Simple pooling is sufficient: DSS does not consistently outperform Deep Set, suggesting marginal gains from expensive inter-conformation interactions.
Joint training > Post-processing aggregation: In a comparable subset (n=61, Table 4), Combined achieved a decoy-norm RMSD of 0.129 vs 0.187 for ProteinMPNN-MSD.

Highlights & Insights¶

Paradigm Shift: The work identifies why post-hoc aggregation inherently biases toward single conformations and addresses this via joint conditional distribution modeling.
Data Engineering: Utilizing PDB sequence redundancy (80%/95% clusters) expands scarce multi-conformation data to the 46k scale. The heterogeneous gap-masking allows the use of "approximate homologs."
Benchmark Contribution: The template-based AF3 + decoy normalization sidesteps the limitation that folding models only predict dominant states, providing a quantifiable metric for multi-state design.
Architecture Transfer: Adapting the multi-state GNN from gRNAde (RNA design) and reusing GVP-GNN minimizes engineering risk.

Limitations & Future Work¶

Focus on Two States: While the architecture supports arbitrary \(k\), training and evaluation primarily focused on \(k=2\). Multi-chain \(k>2\) remains future work.
Lack of Wet Lab Validation: Results rely on in silico self-consistency (AF3/BioEmu).
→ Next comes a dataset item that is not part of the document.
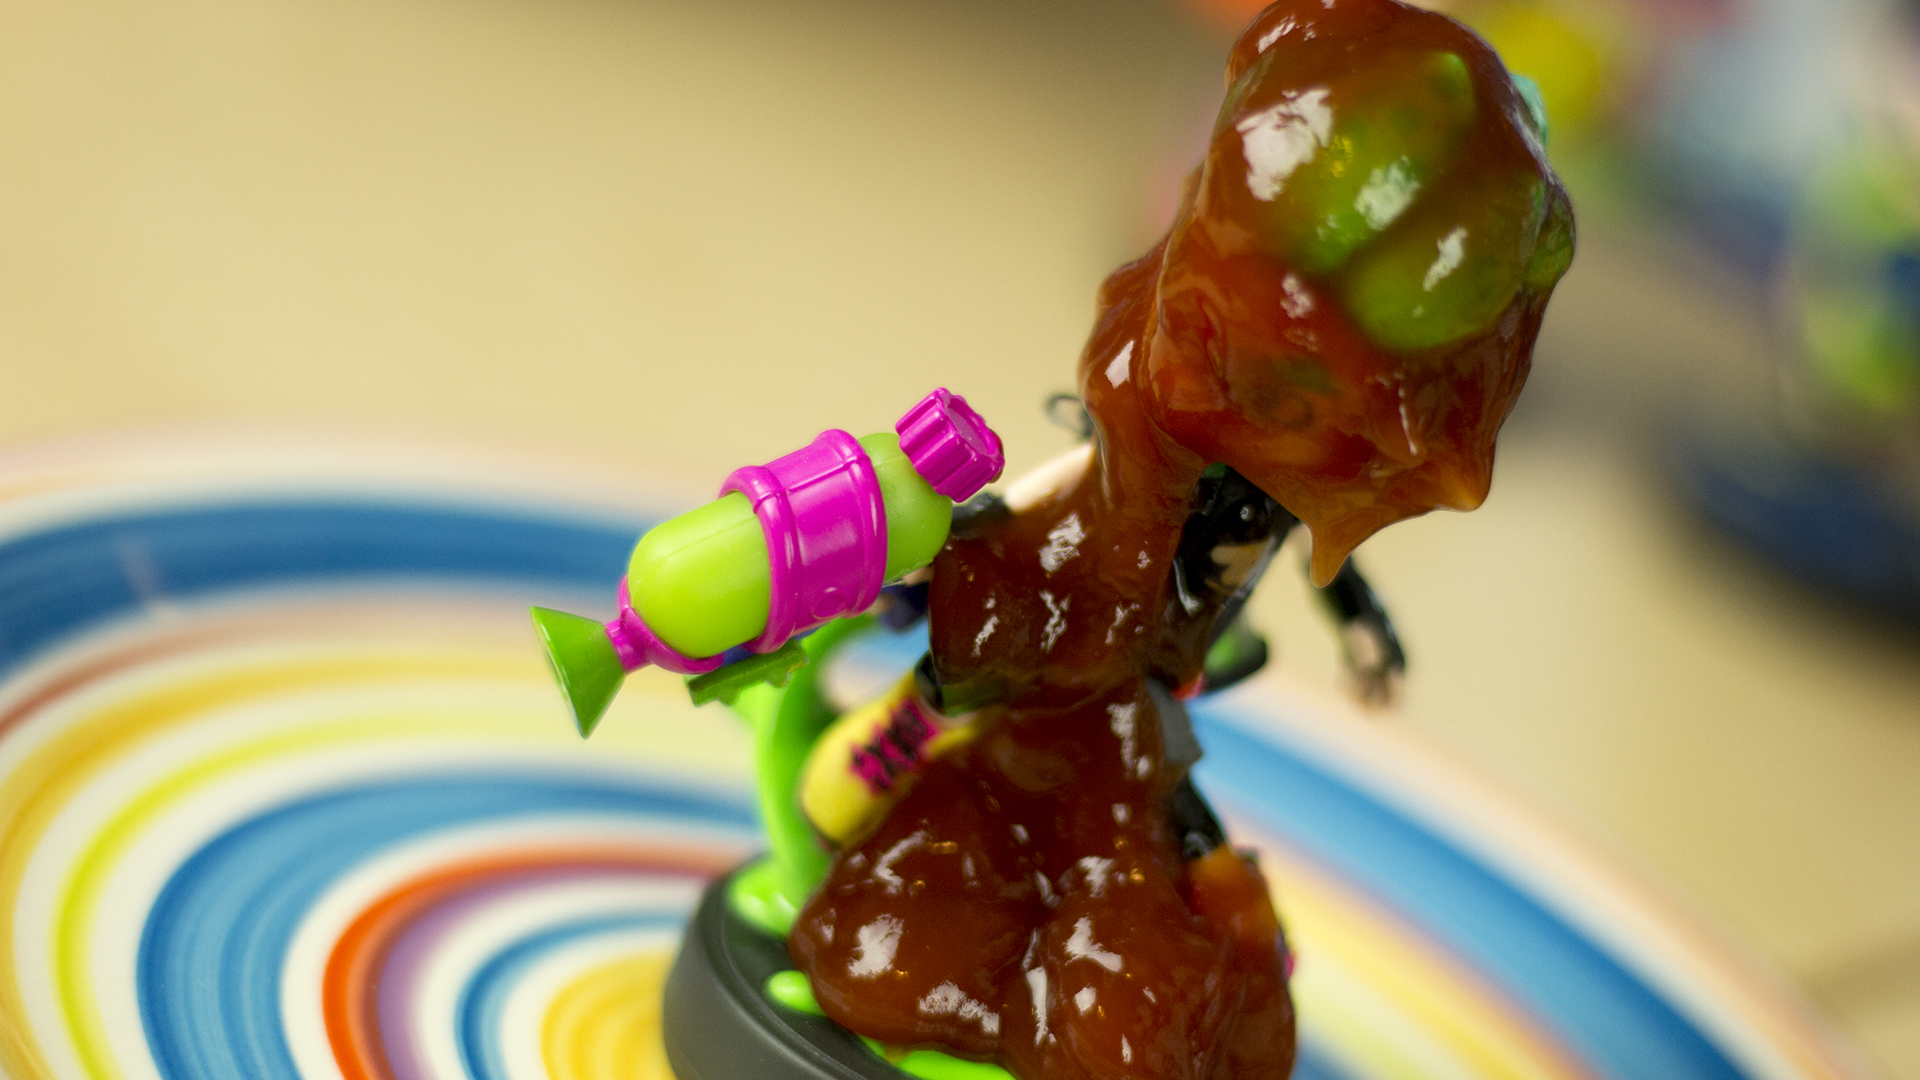 Let’s Settle Splatoon’s Mayo Vs. Ketchup War, With Science

Experimental validation of actual protein folding is yet to be performed.
Dependence on Folding Models: The AF3 template method is limited by AF3's own ability to predict alternative states; decoy normalization mitigates but does not eliminate this bias.
No Continuous Conformations: Intrinsically Disordered Proteins (IDPs) are excluded; the method applies to globular proteins with discrete states.
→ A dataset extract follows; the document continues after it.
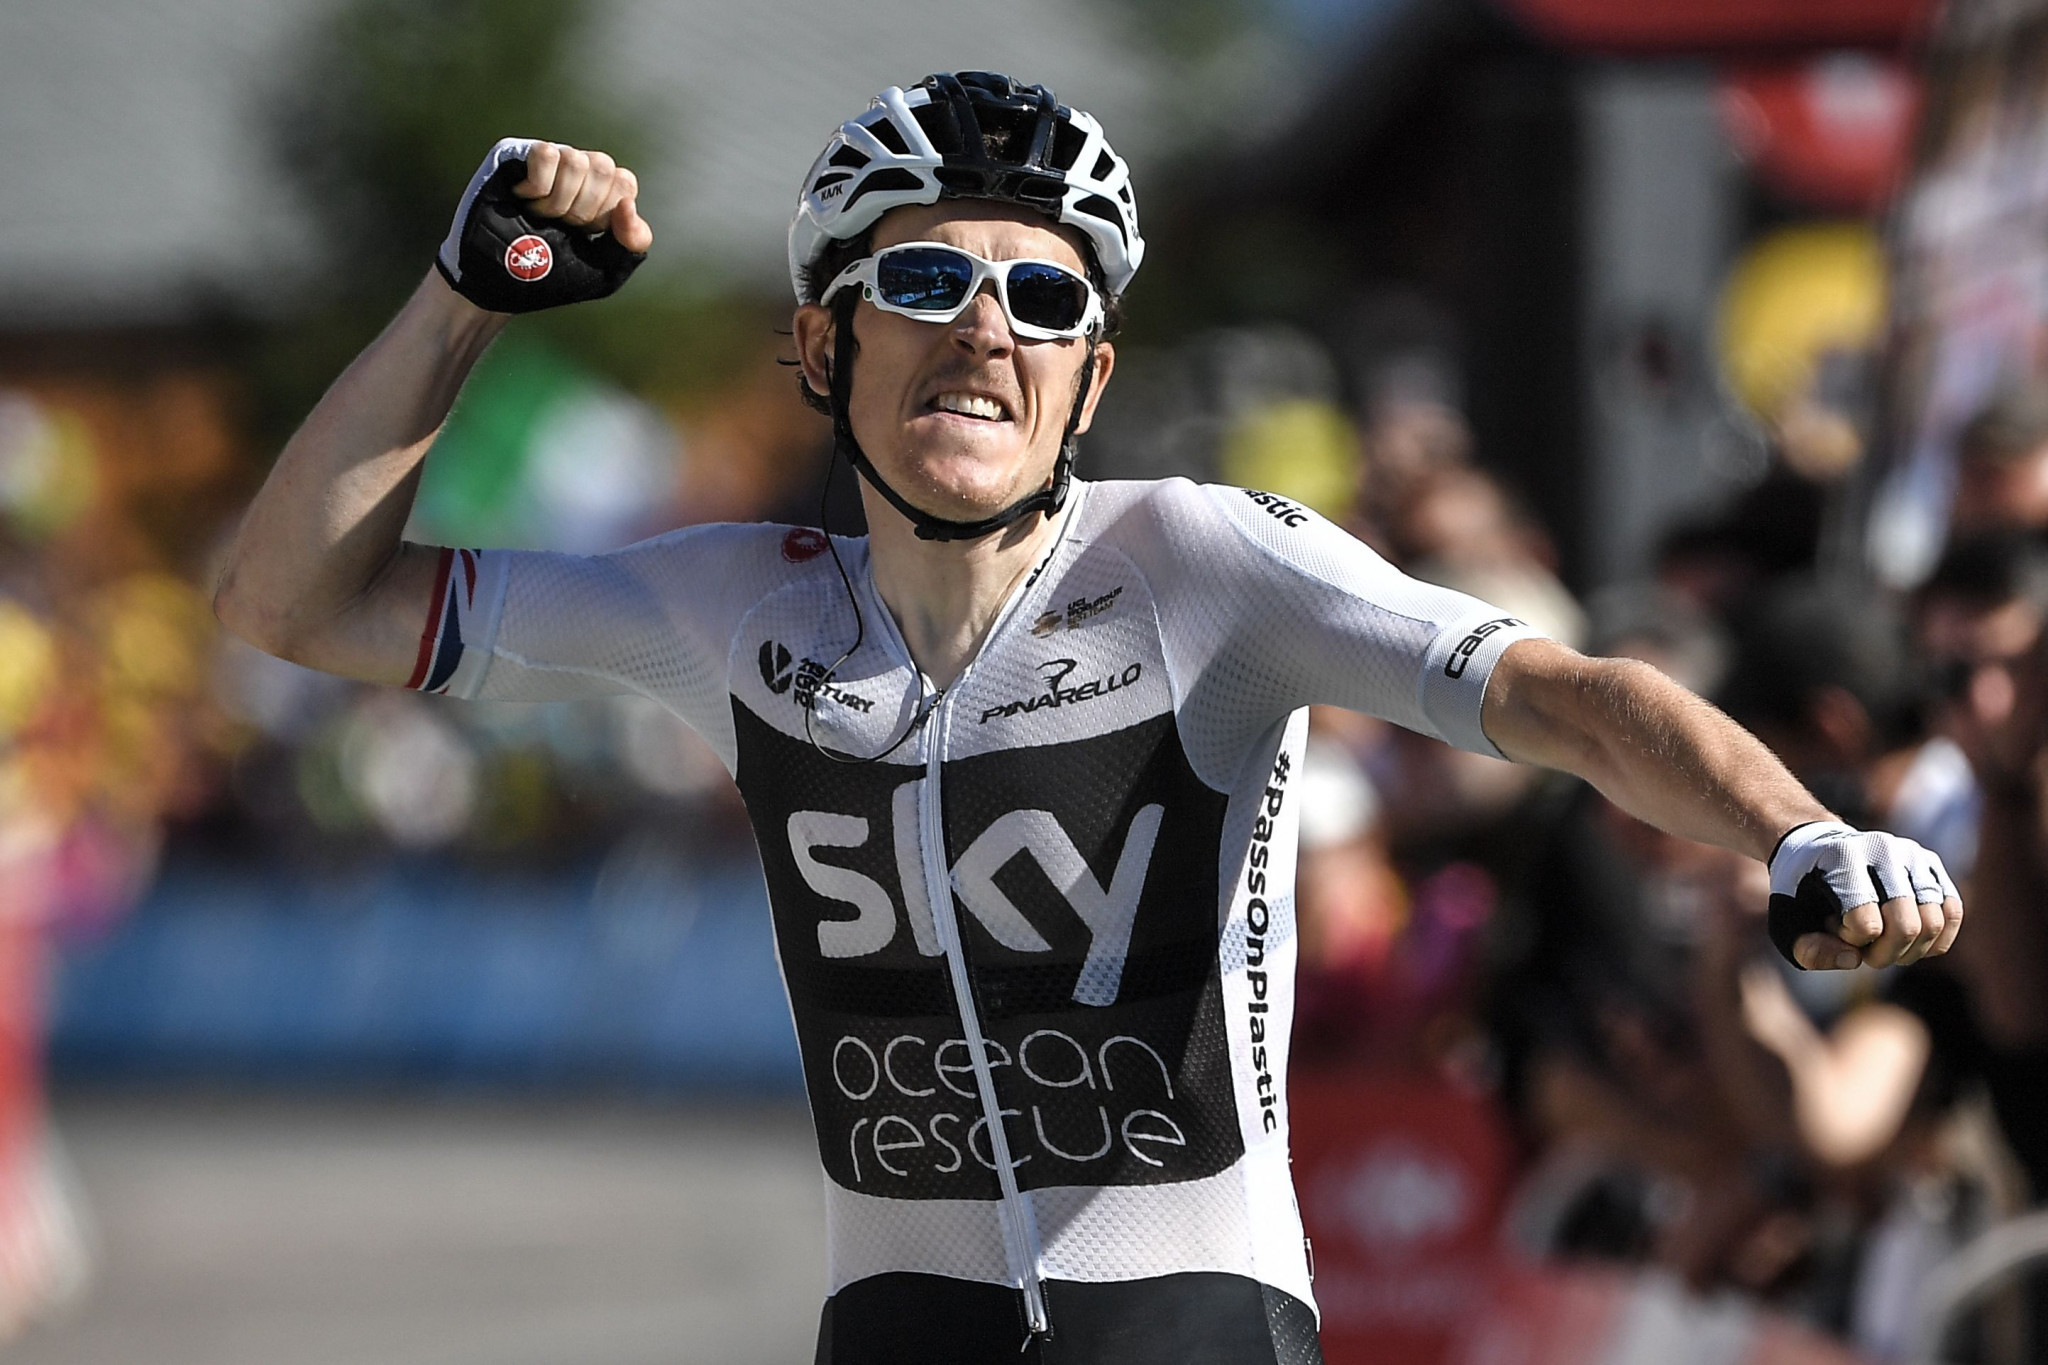 Geraint Thomas moved into the race lead by winning stage 11 ©Getty Images

Inverse Folding Baselines: ProteinMPNN, ESM-IF.
Multi-state Aggregation: ProteinMPNN-MSD (logit averaging), Multi-state ESM-IF (geometric mean), ProteinGenerator (diffusion aggregation).
Architecture Sources: gRNAde (RNA multi-state GNN), GVP-GNN (equivariant message passing).
Evaluation Tools: AlphaFold3 (template mechanism), BioEmu (ensemble generation), Decoy self-consistency (Roney & Ovchinnikov).
Insight: When the goal is "joint satisfaction of multiple constraints," modeling them directly in the conditional distribution is superior to aggregating single-constraint models—a principle applicable to multi-objective molecular design and multi-view generation.

Rating¶

Novelty: ⭐⭐⭐⭐ First explicit multi-state inverse folding model; clear paradigm shift with solid data/benchmark increments.
Experimental Thoroughness: ⭐⭐⭐ Extensive ablations and cross-validation, but entirely in silico; lacks wet lab data and full \(k>2\) coverage.
Writing Quality: ⭐⭐⭐⭐ Clear motivation, rigorous analysis of root causes, and well-organized methodology.
Value: ⭐⭐⭐⭐ Addresses a core bottleneck in bio-switches and enzyme engineering; data and benchmarks provide immediate community value.